= Records =

BEGIN

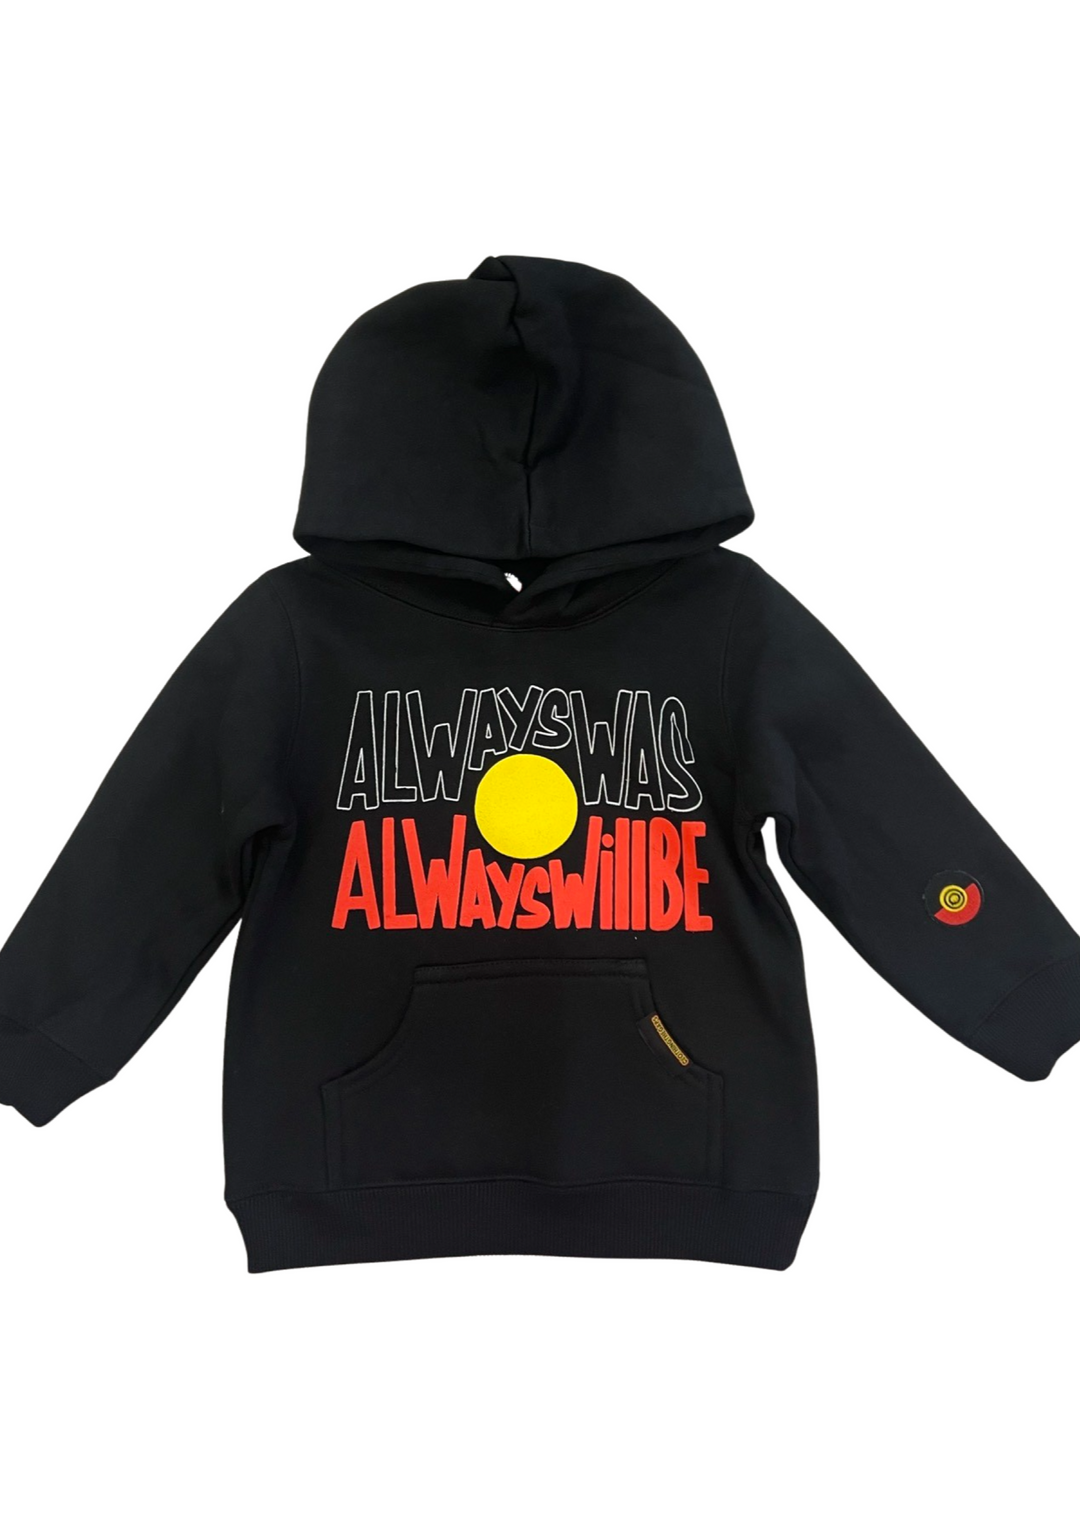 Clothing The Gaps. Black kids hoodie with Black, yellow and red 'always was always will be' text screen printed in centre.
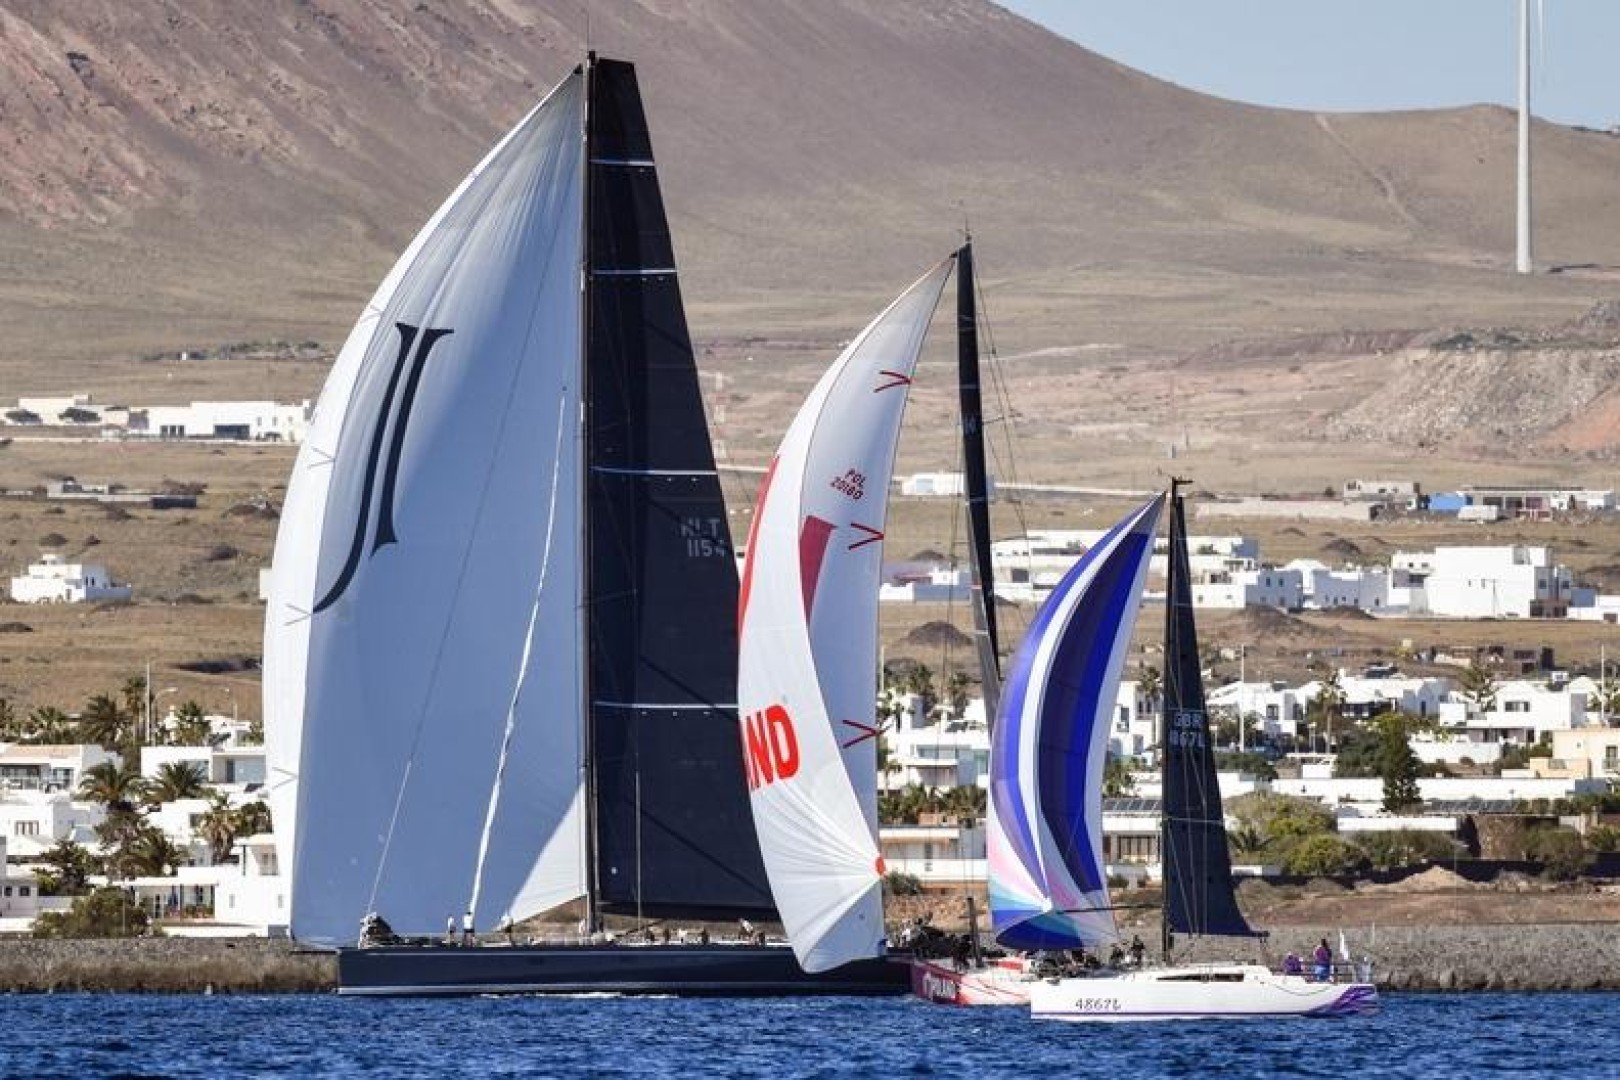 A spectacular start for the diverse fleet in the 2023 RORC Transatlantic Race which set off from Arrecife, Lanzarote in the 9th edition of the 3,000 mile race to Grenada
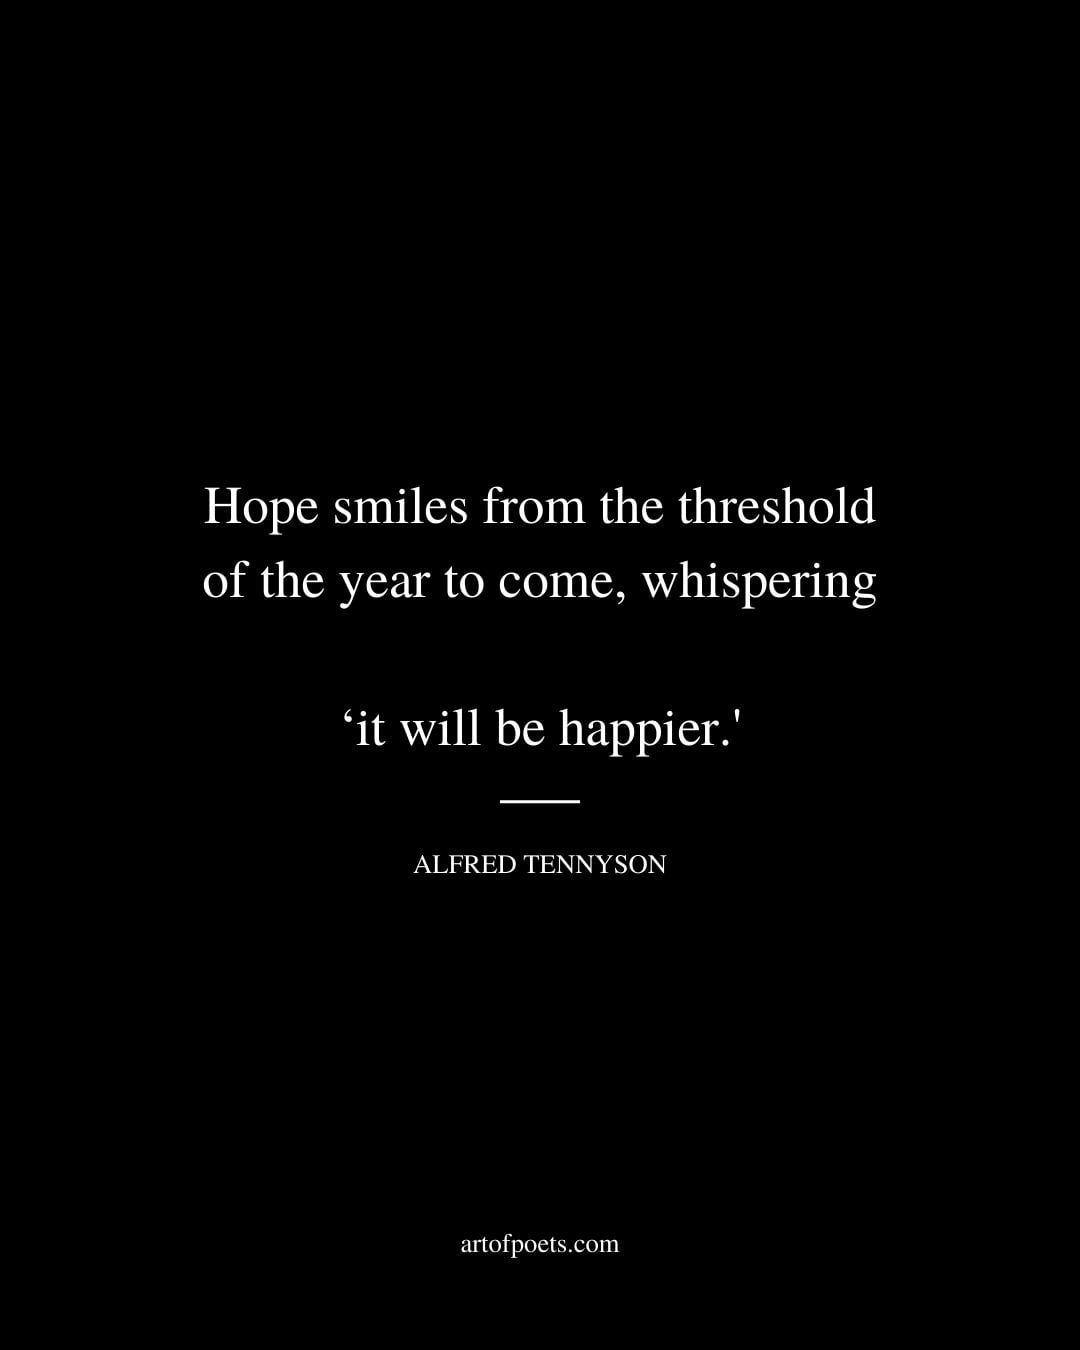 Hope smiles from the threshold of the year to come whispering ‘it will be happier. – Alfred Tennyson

END
BEGIN

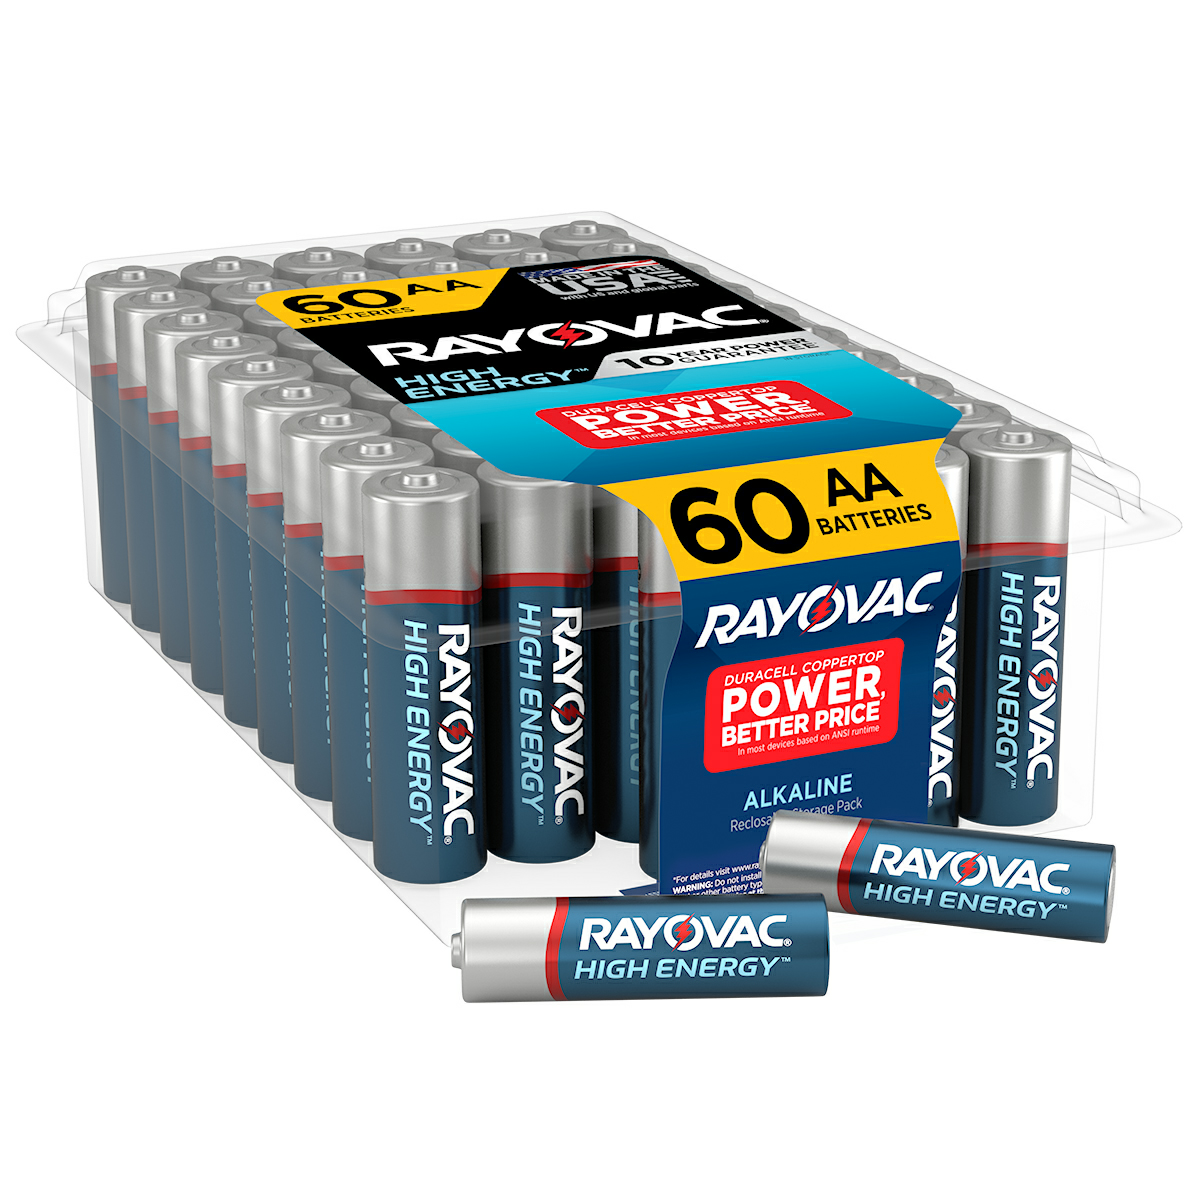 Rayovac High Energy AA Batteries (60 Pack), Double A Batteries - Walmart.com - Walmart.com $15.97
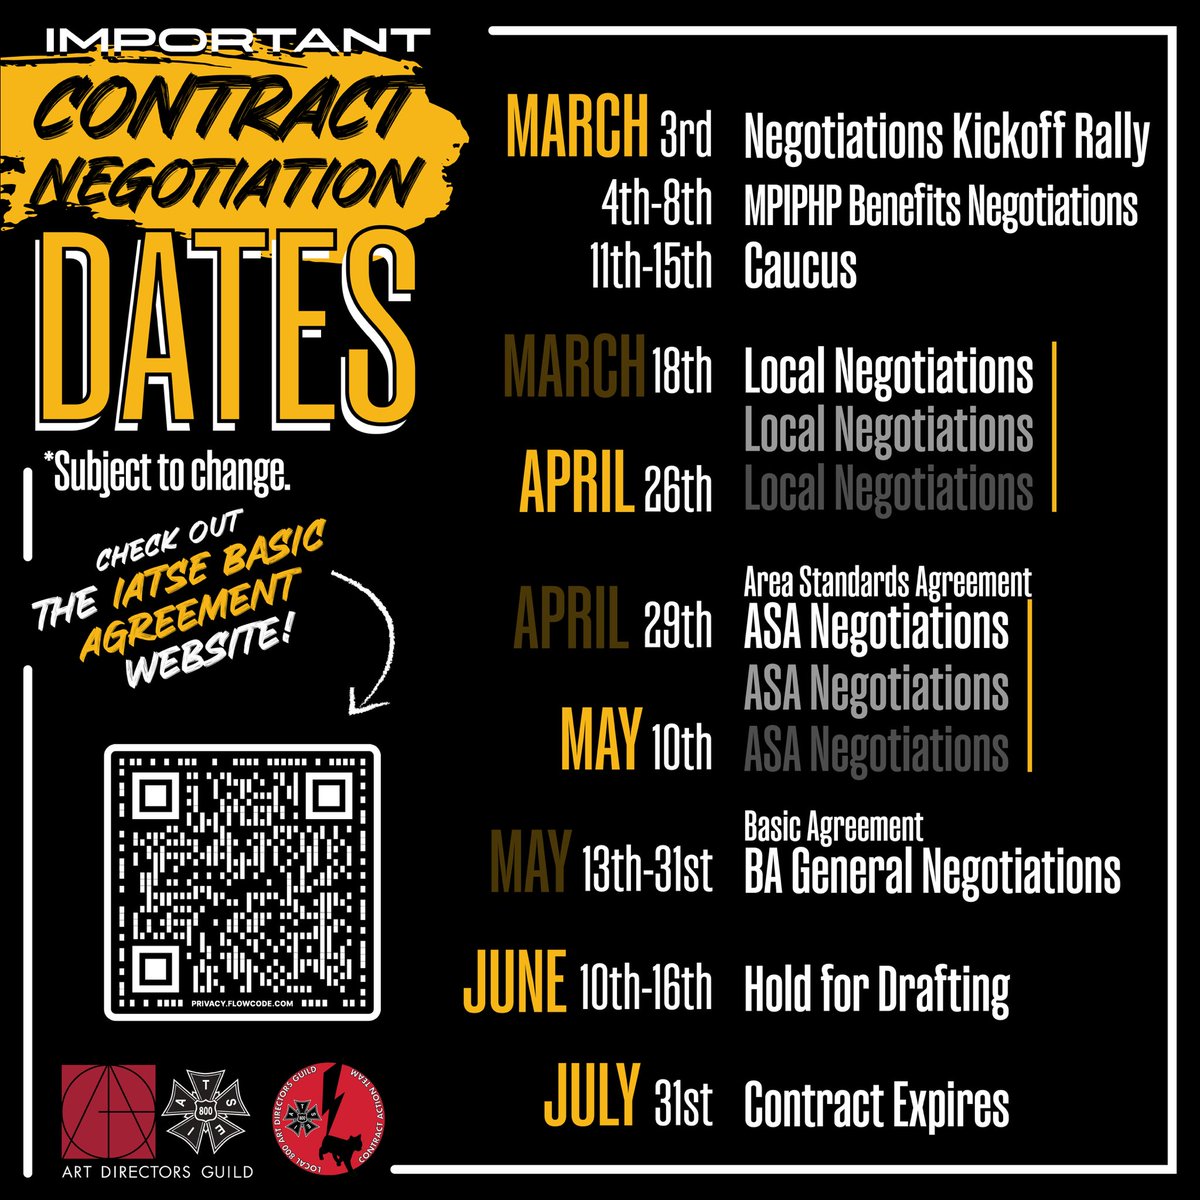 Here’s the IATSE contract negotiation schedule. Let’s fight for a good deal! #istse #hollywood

END

= The task =
Reproduce the listing above only between the lines holding "A spectacular start" and "Hope smiles from", inclusive. Every line must match exactly, and pictures are dropped.

= Result of this task =
 A spectacular start for the diverse fleet in the 2023 RORC Transatlantic Race which set off from Arrecife, Lanzarote in the 9th edition of the 3,000 mile race to Grenada
 Hope smiles from the threshold of the year to come whispering ‘it will be happier. – Alfred Tennyson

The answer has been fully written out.